Friday, August 13, 2004

Rushing Uni applications. Above all these rubbish i still need to find time to sort out my own life. Things have taken more than a turn. No matter what i seeem to be doing it always comes to naught and i'm back to square one. Its annoying like a cat trying to chase its own tail, ( i know it's suppose to be a dog ok but cat sounds more UmMMmmppph now ) never gets anywhere. The cat gets back to where it started, dizzy as hell and frustrated with his predicament that its claws shows.

I know it hurts but what can i do? Thank God i'm too caught up in stuff to actually take stock of my pain/damage but i know when i really do... 'it's time'. Read some mag today decided to jot it down mentally 'Red-hot flirt and the White-hot hurt' while isnt life a game? Anyway i really dont want my plan to go US to fall through. It'll sting more than it'll hurt. Away i'll fly to the land of no goodbyes.

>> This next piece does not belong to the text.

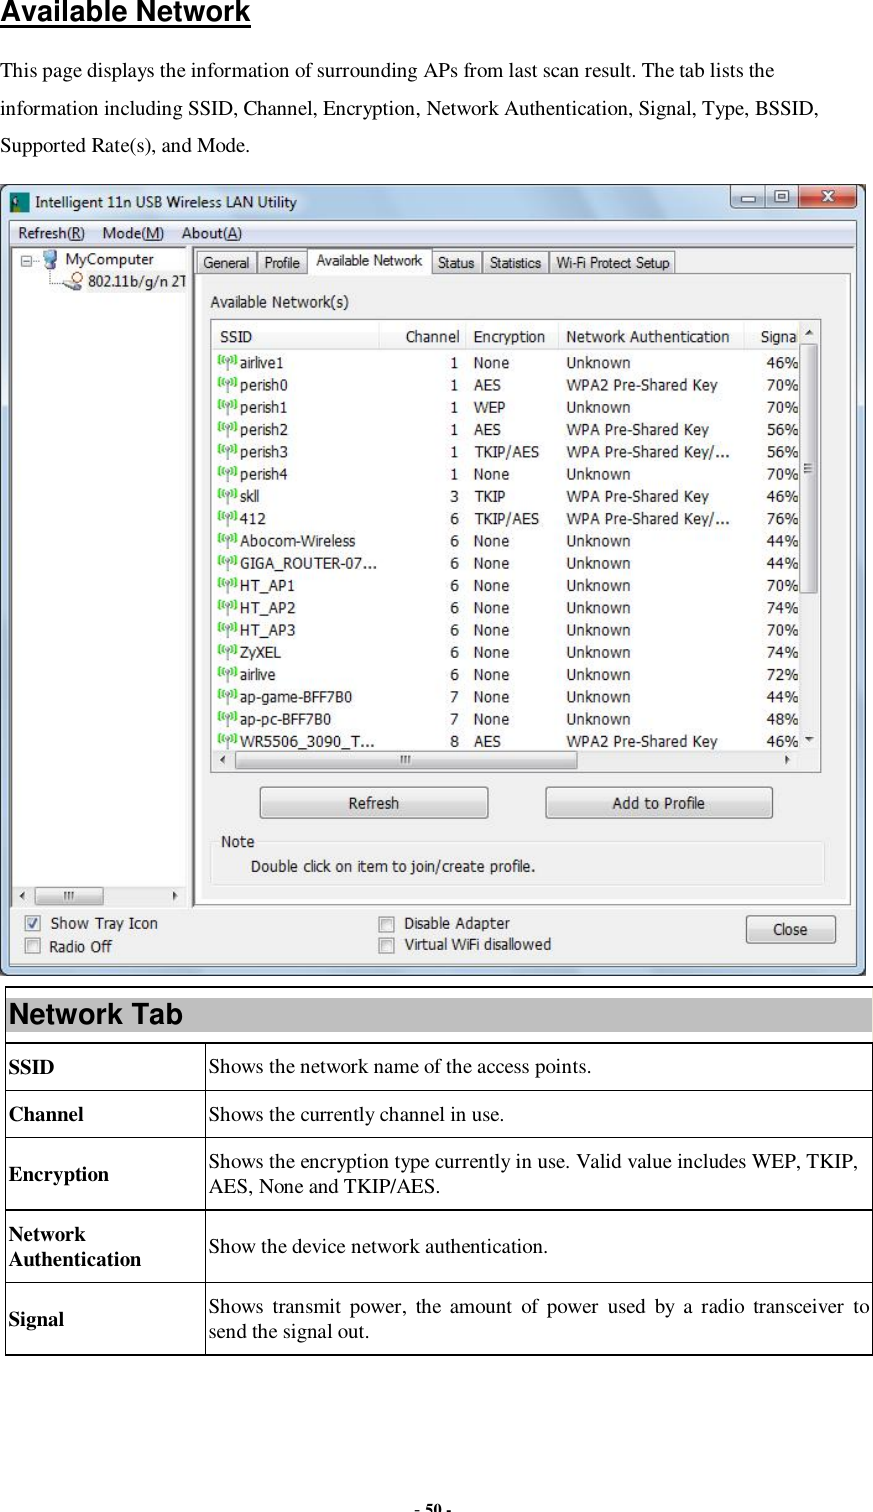  - 50 -  Available Network This page displays the information of surrounding APs from last scan result. The tab lists the information including SSID, Channel, Encryption, Network Authentication, Signal, Type, BSSID, Supported Rate(s), and Mode.  Network Tab SSID  Shows the network name of the access points. Channel  Shows the currently channel in use. Encryption  Shows the encryption type currently in use. Valid value includes WEP, TKIP, AES, None and TKIP/AES. Network Authentication  Show the device network authentication. Signal  Shows transmit power, the amount of power used by a radio transceiver to send the signal out.

Getting really distracted chatting while typing. i'm off. Really. nite to the winds that flow across the earth that caresses the bodies of mine and yours. To the moon and stars that shine up bright, please keep watch on me tonight. I ask no more than i already could, sweet dreams sleep tight till tomorrow dude.

Thursday, August 12, 2004

Hey its me. Again
who am i kidding man?
i've changed to an extent that i am totally unrecognisable even to myself
I seek new challenges each day.
But of cos it must be in my control and in my bidding

I ask myself again.
So what is the moral to the story?
None! There is no such thing!
'Fairytales and meant to be Fairytales' ( only one person would understand this line )
Seems like after being sucked out of dreamland i find myself in the mundane mortal world.
My quest is to find the boundaries between such worlds, the altruistic and the satisfaction of just being myself.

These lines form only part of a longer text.